Friday, May 02, 2008

Measuring the Impact of Knowledge Management

Prior to the launch of this year’s AQPC KM conference, I attended the pre-conference session titled Measuring the Impact of Knowledge Management, led by Cindy Hubert. Quite a “juicy” session, but if anyone was looking for a magic bullet, they were disappointed. As in typical organizational performance management, which the session aligned well with, measuring KM impact is equally challenging and highly contextual to the business objectives and outcomes of the organization. As well, the conversations held during the process of designing and implementing measurement are as valuable as the final measurement and associated learning itself.

APQC has done a good job in exploring performance management in the context of KM implementation and through Cindy’s presentation provided:

  • Tips – such as “tie new KM measures to already accepted process measures and metrics,” align measures with stakeholder needs, “start thinking about measurement from day 1, KM performance management is a “thinking problem” not a “data problem, select few vital measures, align expectations with realistic outcomes, don’t establish metrics without a measurement process
  • Thinking models and frameworksAPQC’s Measurement framework, which leads to the positioning of KM activities in business process to impact business outputs and outcomes, the APQC KM Maturity Model, and most interestingly, a Value Path Analysis thinking model.
  • Tools – measurement alignment tool, examples of measures for KM programs, some case studies, and APQC’s Measurement Information Worksheet.

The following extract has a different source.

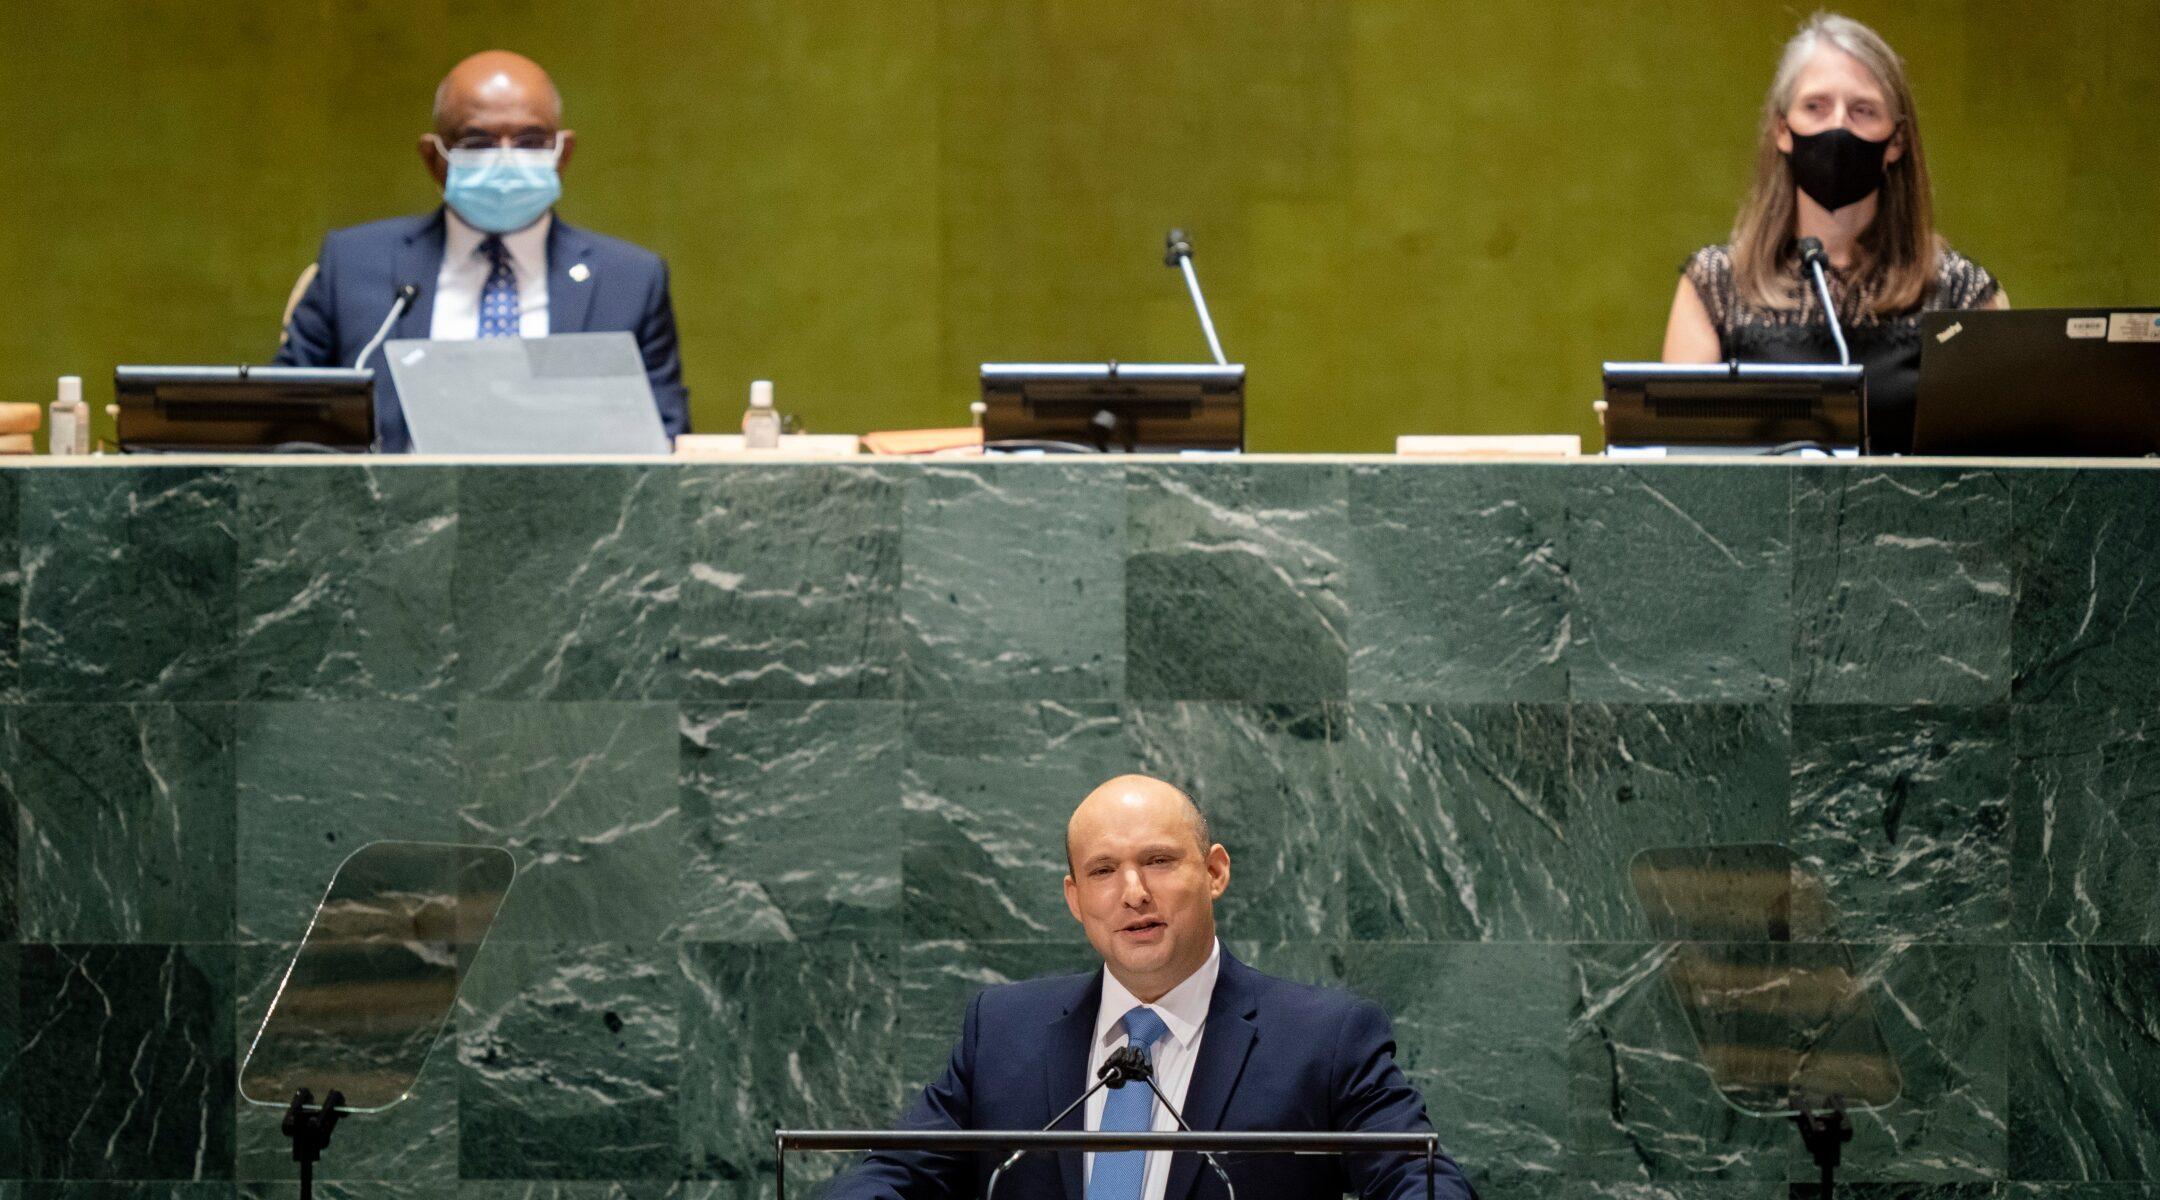 Israeli Prime Minister Naftali Bennett addresses the United Nations General Assembly at UN headquarters in New York City, Sept. 27, 2021. (Photo/JTA-John Minchillo-Pool-Getty Images)

As well, Cindy had a few interesting observations from APQC’s work and research such as:

  • Best practice organizations do not include content management costs in measurement of KM effectiveness – a heavy up front investment takes a long time to prove value
  • Top five objectives for KM Programs across best practice partners are productivity, quality of products and services, increase profitability and cash flow, avoid redundancy and reinvention, and improve customer service.

The one thing I wish we would have had more time to discuss is the real tough part – attribution, and establishing causal links between KM activity measures and proxy measures to business outcomes when there are many other initiatives and activities underway that feed into those outcomes. And one final observation – through much of the language Cindy was using, I got the impression that “knowledge is an object” was an underlying assumption for much of what she presented. Unfortunately there was not enough time to explore this a bit to see if I was mistaken, and to look at some specific cases where the impact of tacit knowledge was being measured, which to me, would be as challenging as measuring the impact of learning and development.